И все же, несмотря на двойную смерть Вальтера у Аксакова и возможность двойной мотивировки в новелле По, «обрывы» художников, пытающихся подчинить искусству жизнь, парадоксально (по логике романтической иронии) доказывают необходимость иного, духовного, высокого бытия, свершения идеала. Человек, пытающийся выйти за пределы своего существования, жаждущий откровения в искусстве, приносит себя в жертву. Тогда, по законам трагедии, эта жертва и становится настоящим преодолением непреодолимых границ, залогом претворения жизни в истинное бытие.
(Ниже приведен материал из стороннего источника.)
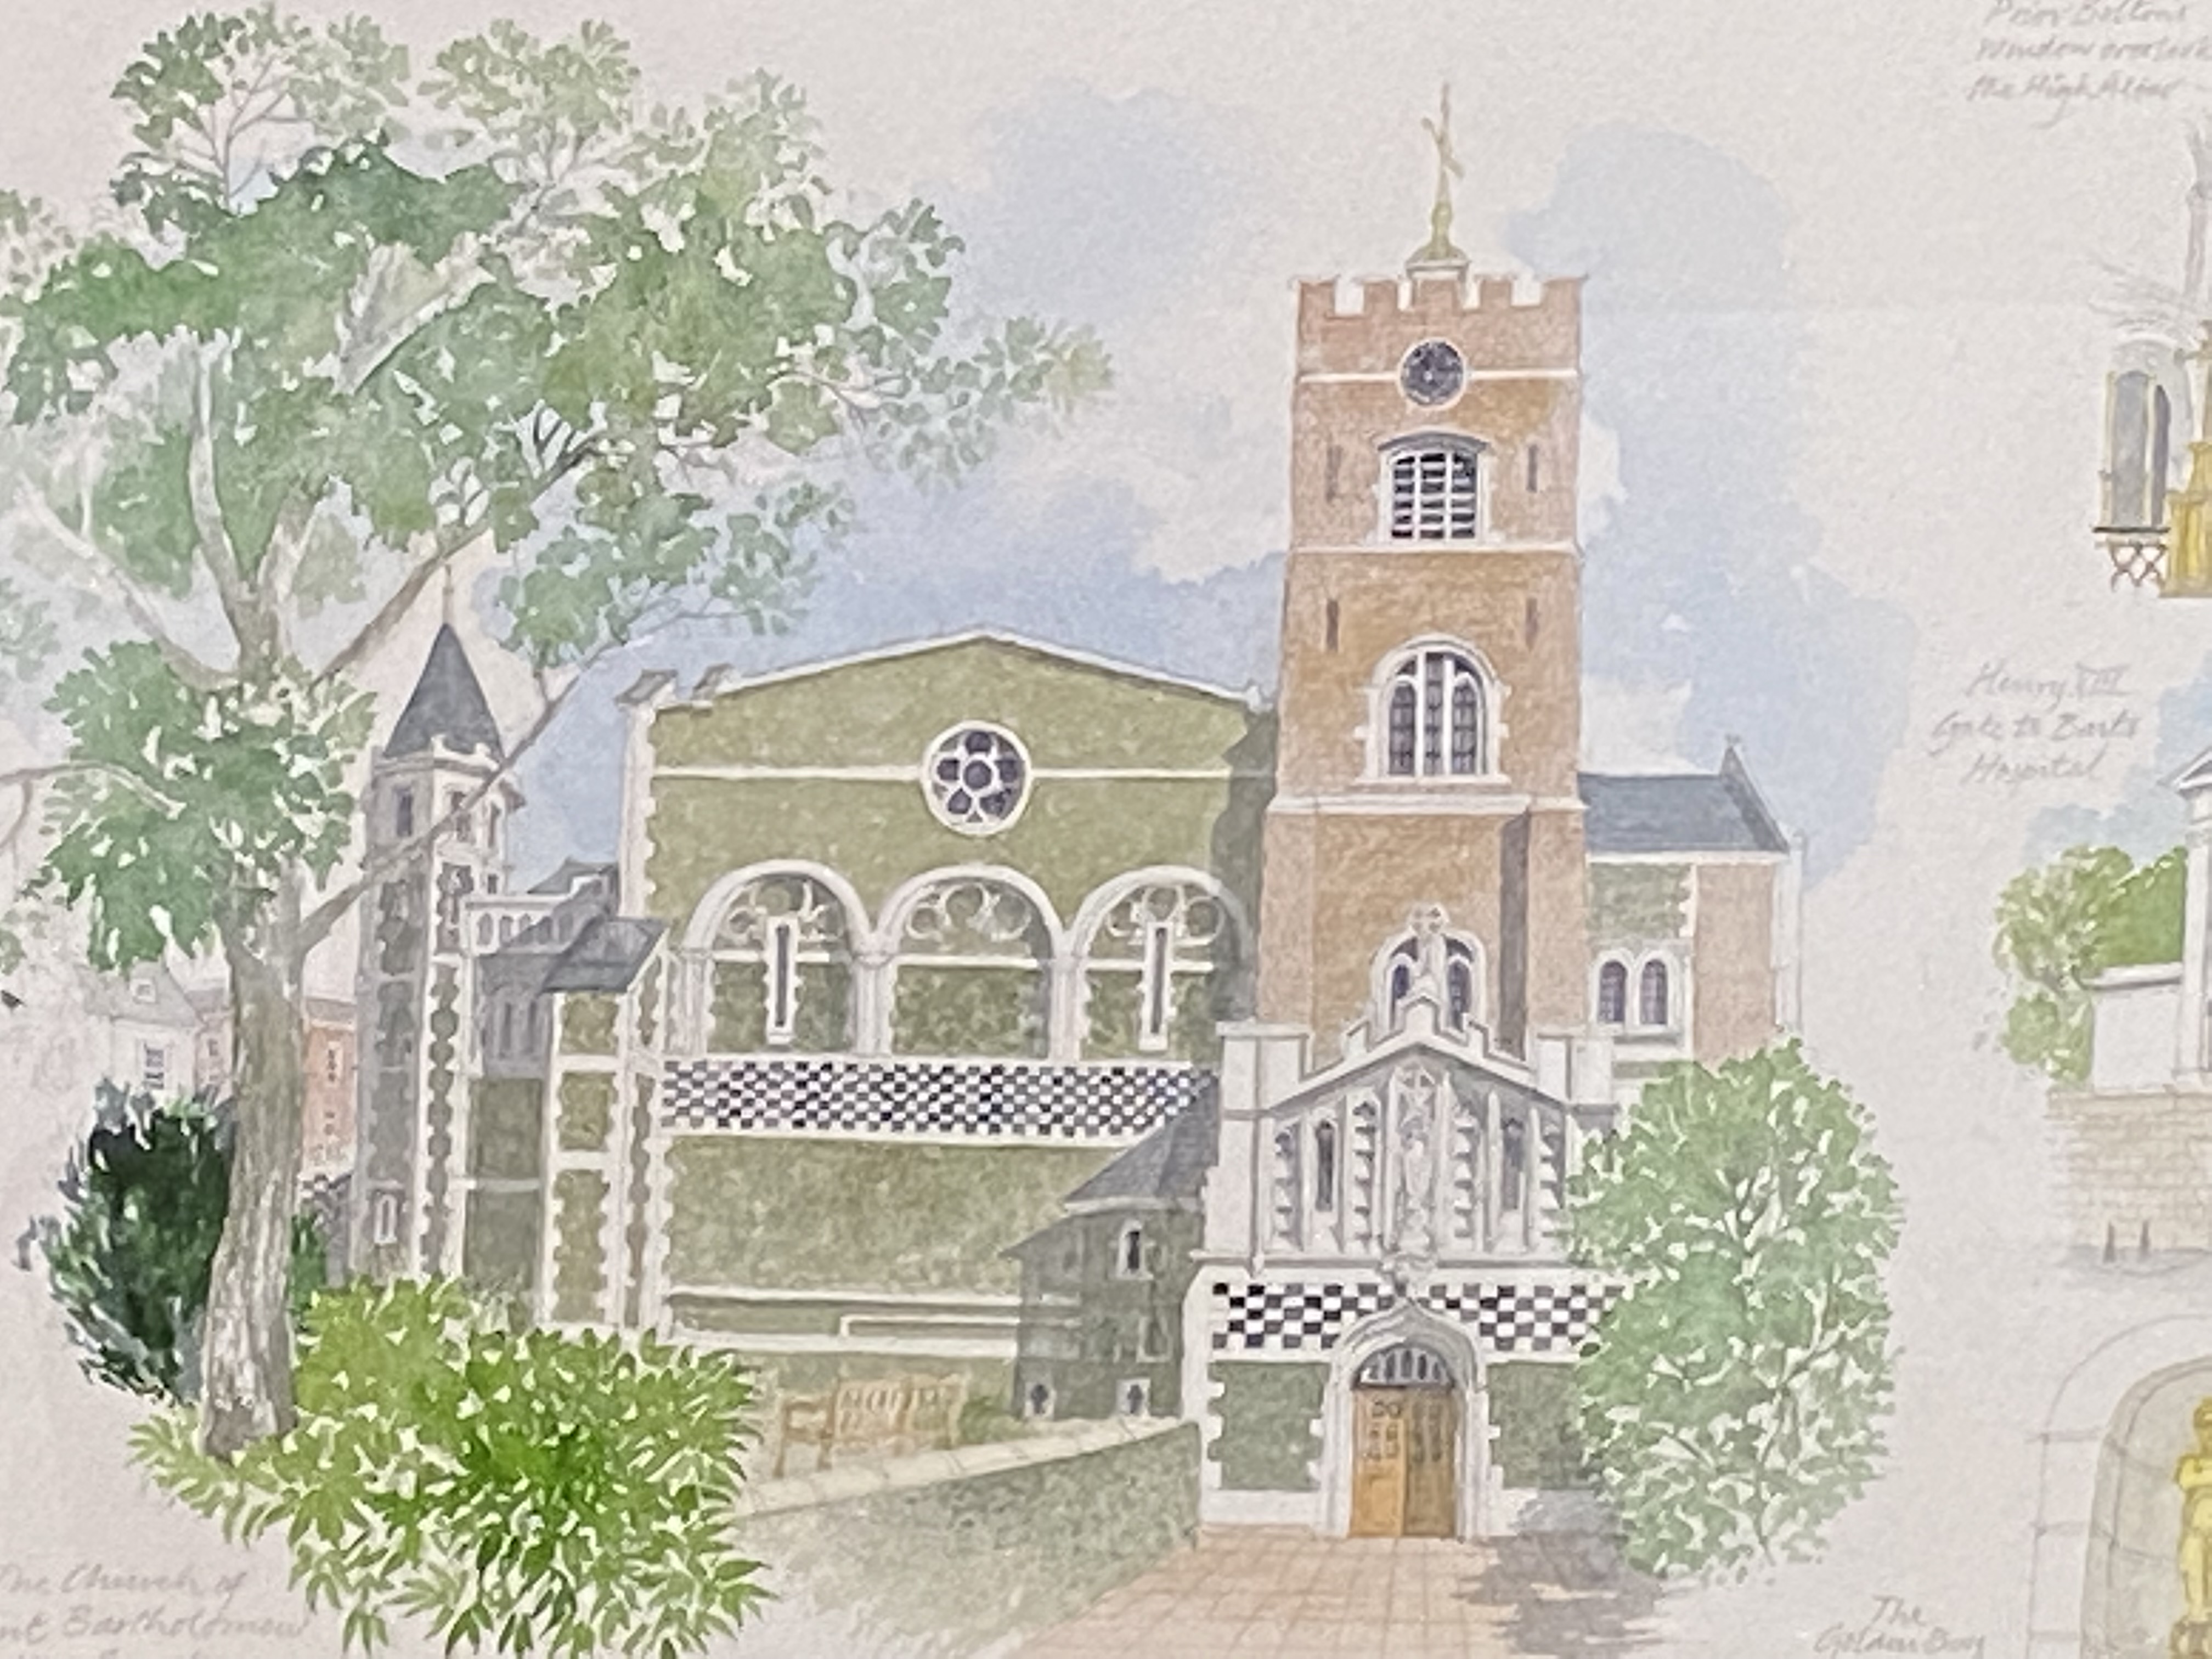 Watercolour of the Church of St. Bartholomew the Great - Image 4 of 5

Рассмотренный вариант мотива «оживающего» изображения интересен тем, что идея границы представлена в нем с особенной остротой. Если из рам картины выходит нечто или «оживает» статуя, то такой процесс предполагает движение «туда - обратно» (от статики к движению жизни и обратно). В случае с мотивом, представленным в приведенных произведениях Аксакова и По, фиксируется лишь единственное и окончательное движение «туда», и здесь граница уже не дает успокаивающего ощущения устойчивости реальной жизни, а, наоборот, приводит к пугающему осознанию необратимости совершенного перехода.
Литература
Аверинцев С.С. Поэзия Клеменса Брентано // Брентано К. Избранное / Текст на нем. яз.; сост. С.С. Аверинцев. М., 1985. С. 3-27.
Аксаков К.С. Вальтер Эйзенберг // Искусство и художник в русской прозе первой половины XIX века. Л., 1989. С. 358-381.
По Э.А. Овальный портрет // Искусство и художник в зарубежной новелле XIX века. Л., 1985. С. 407-410.
Публий Овидий Назон. Метаморфозы. М., 2007.